Urban Informatics is, in a way, a byproduct of the “deluge” or “proliferation” of data. As we as a society have progressed technologically, we have been able to capture and store data on an unprecedented scale. This has led to massive stores of data that are used primarily for record keeping, and are updated at near-real time. Every tweet or Facebook post is subsequently recorded in a remote database to ensure that it can be accessed at a later time. Dan O’Brien notes that this characteristic of big data is of the utmost consequence for “the advancement of science and policy in the digital age.”1 Since these data are capturing every day behavior we consider them “naturally occurring.” Naturally occurring data are so useful because they are essentially a track record of individuals’ behavior over time. This is as close as we can get to measuring behavior in real time.
In the urban context, the importance of big data becomes ever more apparent. The city government of Boston, for instance, has been keeping detailed records of property assessments and tax debts since the late 18th century, including the demographic characteristics of debtors, and even their locations at the ward level. These administrative records were kept on ink and paper until just a few decades ago. Through digitization efforts, these data are now accessible to historians, urban scholars, local government, and the general public. Having such data accessible provides a way to quantitatively inspect the development of the city from its geography, its policies, its demography, and much more.
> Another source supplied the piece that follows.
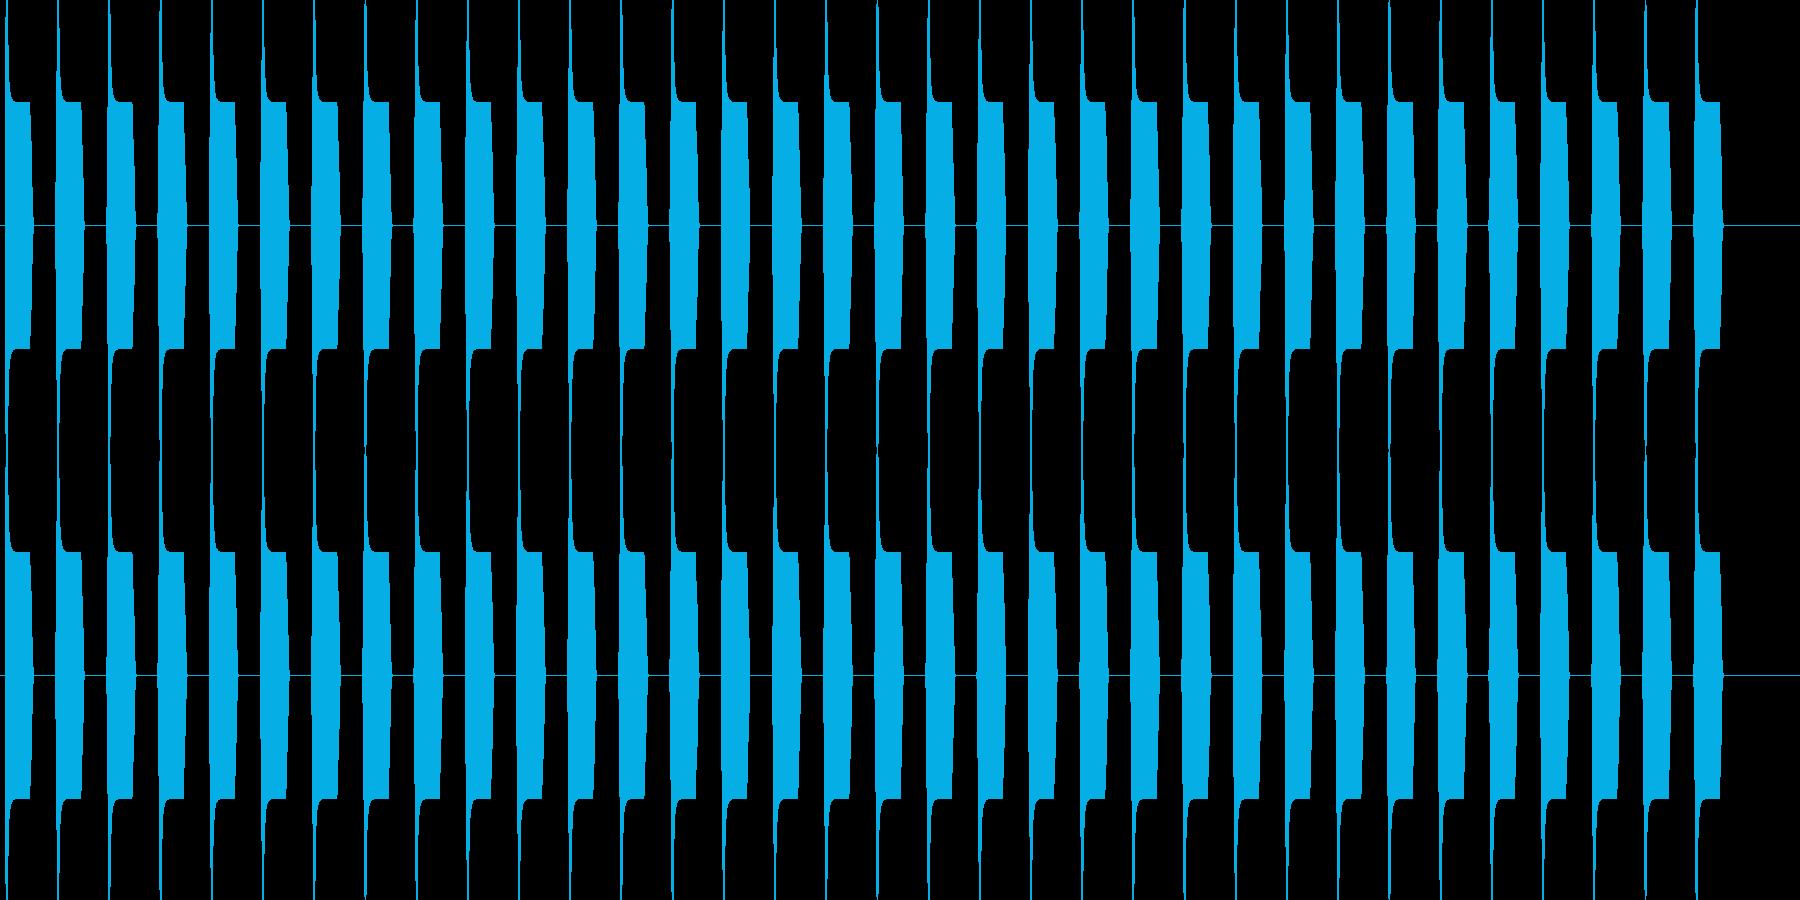 ブーブー な警告音 緊急連絡 アラーム1の再生済みの波形
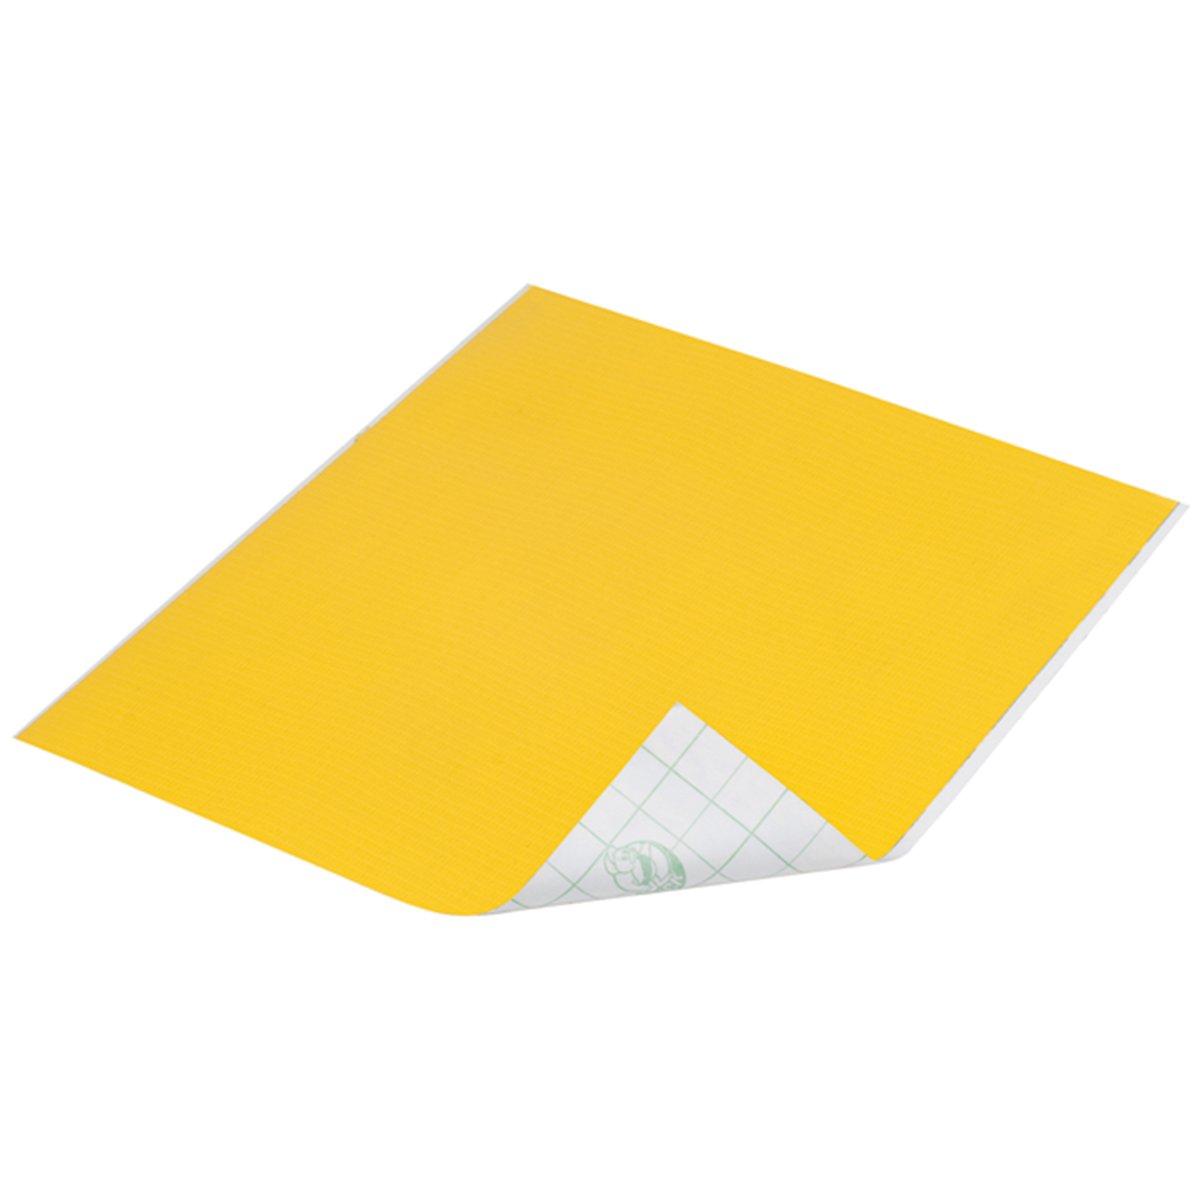 Duck Easy Craft Interlocking Tape, Yellow (282714)

There are a number of benefits that naturally occurring data provide. The first is that these are, in theory, comprehensive and contains information about all residents. Through administrative data we should, for example, be able to determine the number of employed tax paying citizens, as well as the underemployed who receive government benefits. Additionally, since these data are already being collected, the associated costs are minimal. In contrast to empirically collected data, administrative data are not just a representation of a single moment in time, but rather continually changing and updating. And due to the fact that administrative data are collected at the municipal level we are inherently dealing with geospatial data—data associated with a location.
While there are many benefits to administrative big data, there are dangers, too. The first is that even though big data are comprehensive in theory, we cannot always take them as objective observations of the natural world. We must be cognizant of the fact that the biases that humans have are also represented in data. We cannot and should not separate theory from data. To take from Dan O’Brien
“. . . the very point of science is to explain why things work the way they do. . .If we limit our inquiries only to correlation and eschew explanation, we are no longer conducting science.”2 — Daniel T. O’Brien
While using big data present some dangers, we ought not discard it entirely. To cope with these dangers we must be cognizant.